The first delicate point is the passage from a tens digit statement to congruences modulo $100$. If

$$N=100q+r,\qquad 0\le r<100,$$

then the last two digits of $N$ are exactly the decimal representation of $r$. The tens digit of $N$ is therefore the tens digit of $r$. No information beyond the residue modulo $100$ is needed.

The second delicate point is the periodicity. From

$$3^{20}\equiv1\pmod{100},$$

we get

$$3^{n+20}=3^n3^{20}\equiv3^n\pmod{100}.$$

Thus every residue repeats after $20$ exponents. Without this explicit congruence, checking only finitely many powers would not justify the claim for all $n$.

A third place where mistakes can occur is the reduction of exponents. For $n=22$, the decomposition gives $k=0$, $r=22$. For $n=23$, it gives $k=1$, $r=3$. Every integer $n>2$ is covered, and no exponent outside the verified range is needed.

Alternative Approaches

A shorter argument uses Euler's theorem. Since $\gcd(3,100)=1$ and

$$\varphi(100)=40,$$

Euler's theorem gives

$$3^{40}\equiv1\pmod{100}.$$

One may then compute the $40$ possible residues modulo $100$ and check that every one has an even tens digit. This proves the result but requires twice as many cases.

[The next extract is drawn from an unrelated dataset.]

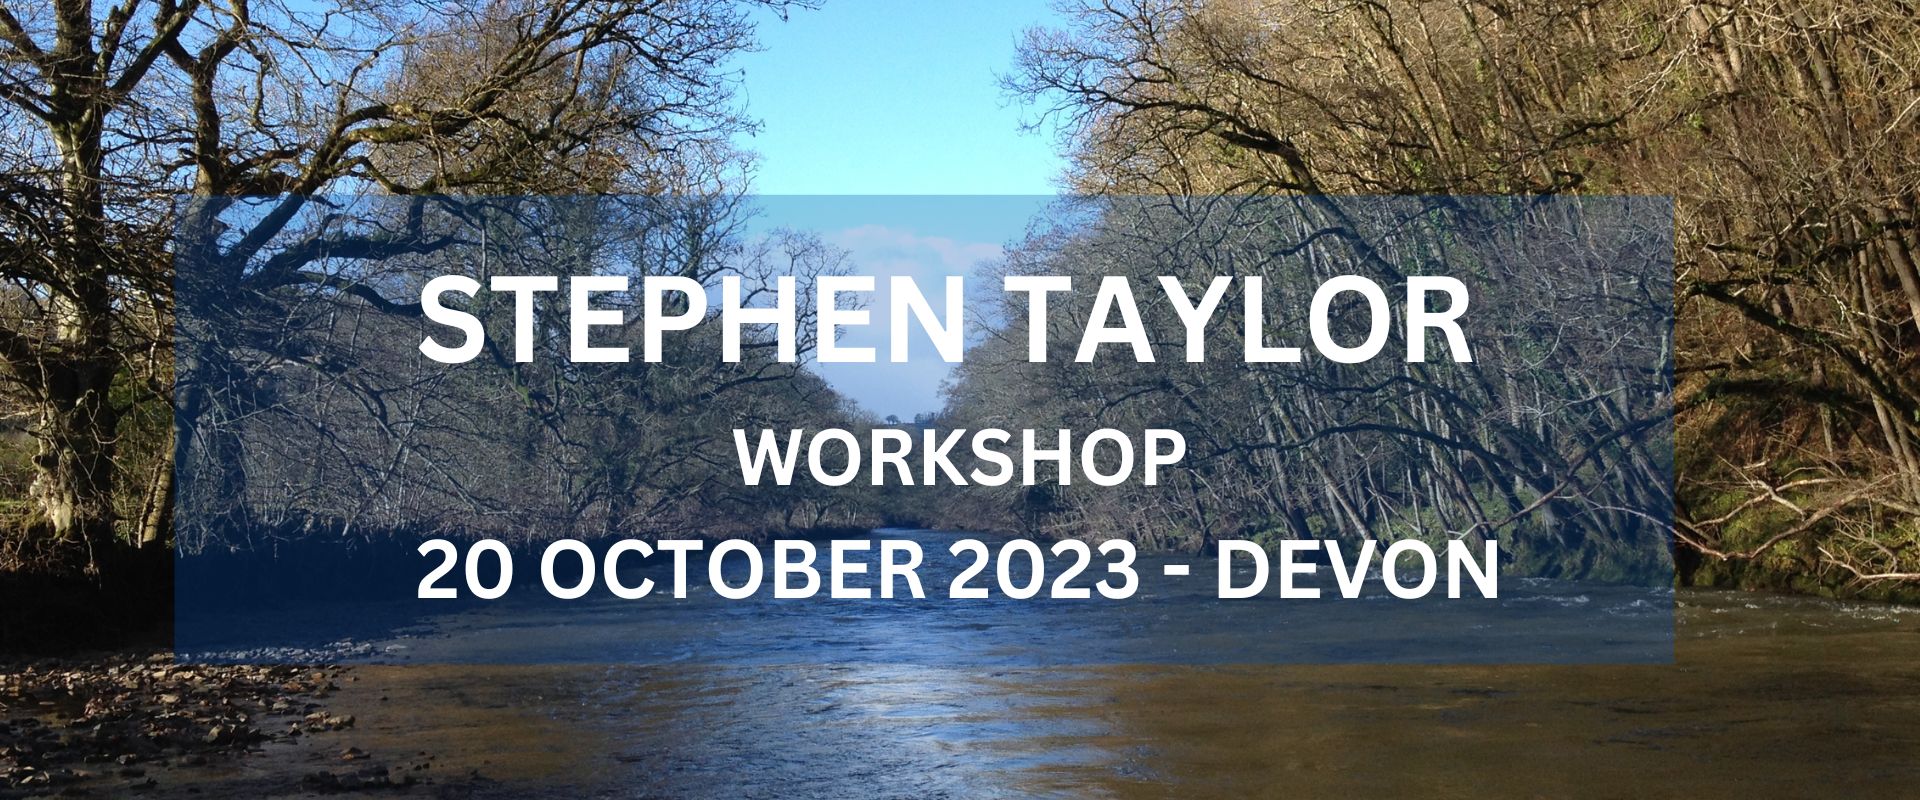 Stephen Taylor Workshop October 2023 - Devon

Another approach works modulo $20$. The tens digit of a number $N$ is even exactly when the residue of $N$ modulo $20$ belongs to the set

$${0,1,\dots,9}.$$

The powers of $3$ modulo $20$ form the cycle

$$3,9,7,1.$$

Combining this with the fact that every power of $3$ is odd determines the possible last two digits and leads again to an even tens digit. The direct modulo $100$ method is more transparent because it tracks the last two digits exactly.